I suspect we have mistakenly processed the same dataset twice in the same ‘run’, and this has clobbered the previously produced datasets, and now the butter SQL database has the wrong data. This appears to have occurred for a few 100 datasets.

Is there a process to replace the db content with what is on disk?

Thanks,
JJ

timj · September 4, 2024, 6:38pm

What version of the software are you using?
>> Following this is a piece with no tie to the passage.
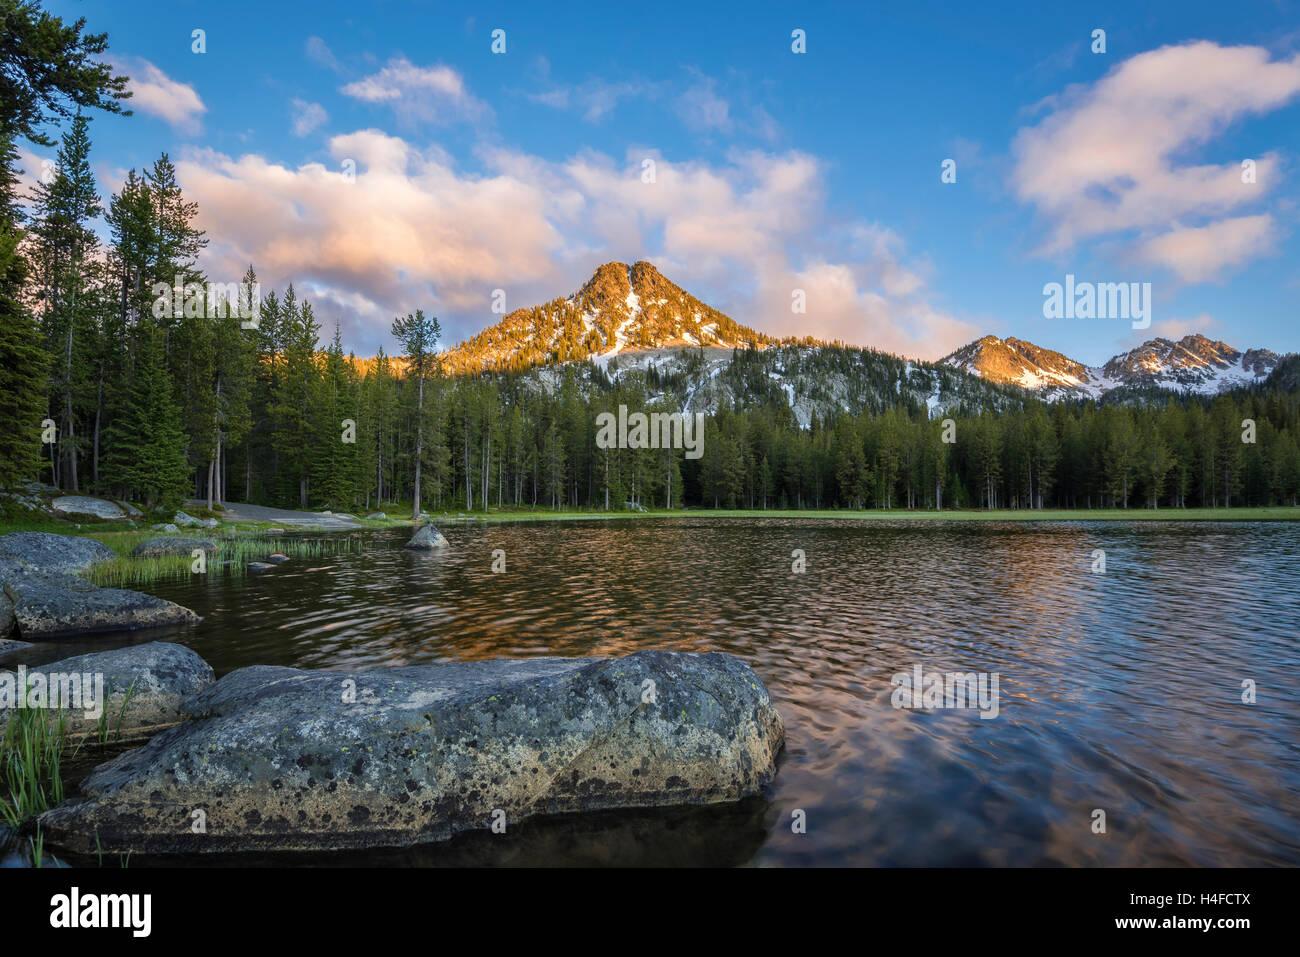 Anthony Lake und Visiereinrichtung Berg, Elkhorn Berge, Wallowa-Whitman National Forest, Ost-Oregon. Stockbild

We changed that error message a year ago to make it clearer what the problem is.

jjkavelaars · September 4, 2024, 7:36pm

That error message is from v26.0.0.0 … here is the full dump:

(lsst-scipipe-7.0.1) [HSC_2024] (559) $ butler --log-level=ERROR --long-log transfer-from-graph --update-output-chain qgraphs-BUTLER-20240709/processed/processCcd33089 BUTLER-20240709 
processCcd330892_95.qgraph  processCcd330898_90.qgraph  
(lsst-scipipe-7.0.1) [HSC_2024] (559) $ butler --log-level=ERROR --long-log transfer-from-graph --update-output-chain qgraphs-BUTLER-20240709/processed/processCcd330892_95.qgraph BUTLER-20240709 
ERROR 2024-09-04T19:35:45.717+00:00 lsst.daf.butler.cli.utils ()(utils.py:1127) - Caught an exception, details are in traceback:
Traceback (most recent call last):
  File "/opt/lsst/software/stack/stack/miniconda3-py38_4.9.2-7.0.1/Linux64/pipe_base/g8798d61f7d+6612571a14/python/lsst/pipe/base/cli/cmd/commands.py", line 61, in transfer_from_graph
    number = script.transfer_from_graph(**kwargs)
             ^^^^^^^^^^^^^^^^^^^^^^^^^^^^^^^^^^^^
  File "/opt/lsst/software/stack/stack/miniconda3-py38_4.9.2-7.0.1/Linux64/pipe_base/g8798d61f7d+6612571a14/python/lsst/pipe/base/script/transfer_from_graph.py", line 97, in transfer_from_graph
    transferred = dest_butler.transfer_from(
                  ^^^^^^^^^^^^^^^^^^^^^^^^^^
  File "/opt/lsst/software/stack/stack/miniconda3-py38_4.9.2-7.0.1/Linux64/daf_butler/gaa4f23791d+8ca47f5a75/python/lsst/daf/butler/_butler.py", line 2468, in transfer_from
    imported_refs = self._registry._importDatasets(refs_to_import, expand=False)
                    ^^^^^^^^^^^^^^^^^^^^^^^^^^^^^^^^^^^^^^^^^^^^^^^^^^^^^^^^^^^^
  File "/opt/lsst/software/stack/stack/miniconda3-py38_4.9.2-7.0.1/Linux64/daf_butler/gaa4f23791d+8ca47f5a75/python/lsst/daf/butler/core/utils.py", line 55, in inner
    return func(self, *args, **kwargs)
           ^^^^^^^^^^^^^^^^^^^^^^^^^^^
  File "/opt/lsst/software/stack/stack/miniconda3-py38_4.9.2-7.0.1/Linux64/daf_butler/gaa4f23791d+8ca47f5a75/python/lsst/daf/butler/registries/sql.py", line 651, in _importDatasets
    refs = list(storage.import_(runRecord, expandedDatasets))
           ^^^^^^^^^^^^^^^^^^^^^^^^^^^^^^^^^^^^^^^^^^^^^^^^^^
  File "/opt/lsst/software/stack/stack/miniconda3-py38_4.9.2-7.0.1/Linux64/daf_butler/gaa4f23791d+8ca47f5a75/python/lsst/daf/butler/registry/datasets/byDimensions/_storage.py", line 668, in import_
    self._validateImport(tmp_tags, run)
  File "/opt/lsst/software/stack/stack/miniconda3-py38_4.9.2-7.0.1/Linux64/daf_butler/gaa4f23791d+8ca47f5a75/python/lsst/daf/butler/registry/datasets/byDimensions/_storage.py", line 812, in _validateImport
    raise ConflictingDefinitionError(
lsst.daf.butler.registry._exceptions.ConflictingDefinitionError: Existing dataset type and dataId does not match new dataset: {'dataset_type_id': 24, 'instrument': 'HSC', 'detector': 95, 'visit': 330892, 'dataset_id': UUID('df18597d-afb7-4b00-b4fd-aabf25a32620'), 'new dataset_id': UUID('c24460c0-2ec2-489a-a60f-87dfb7e05241'), 'collection_id': 21, 'new collection_id': 21}

timj · September 4, 2024, 9:22pm

The error message is now:

github.com

lsst/daf_butler/blob/main/python/lsst/daf/butler/registry/datasets/byDimensions/_storage.py#L1116-L1120

      
        
            raise ConflictingDefinitionError(
                f"Dataset with type {self.datasetType.name!r} and data ID {data_id} "
                f"has ID {row.dataset_id} in existing collection {existing_collection!r} "
                f"but ID {row.new_dataset_id} in new collection {new_collection!r}."
            )

You would get an error like this if you regenerated the graph but used the same RUN collection. The UUIDs would change so the system no longer could tell that the dataset was already present. If you reuse a RUN you now have to use the same graph. If you regenerate the graph it has to be a new RUN. pipetask update-graph-run can be used to update the run and UUIDs in an existing graph.

v26 is old enough that I am not really sure what situation you are in.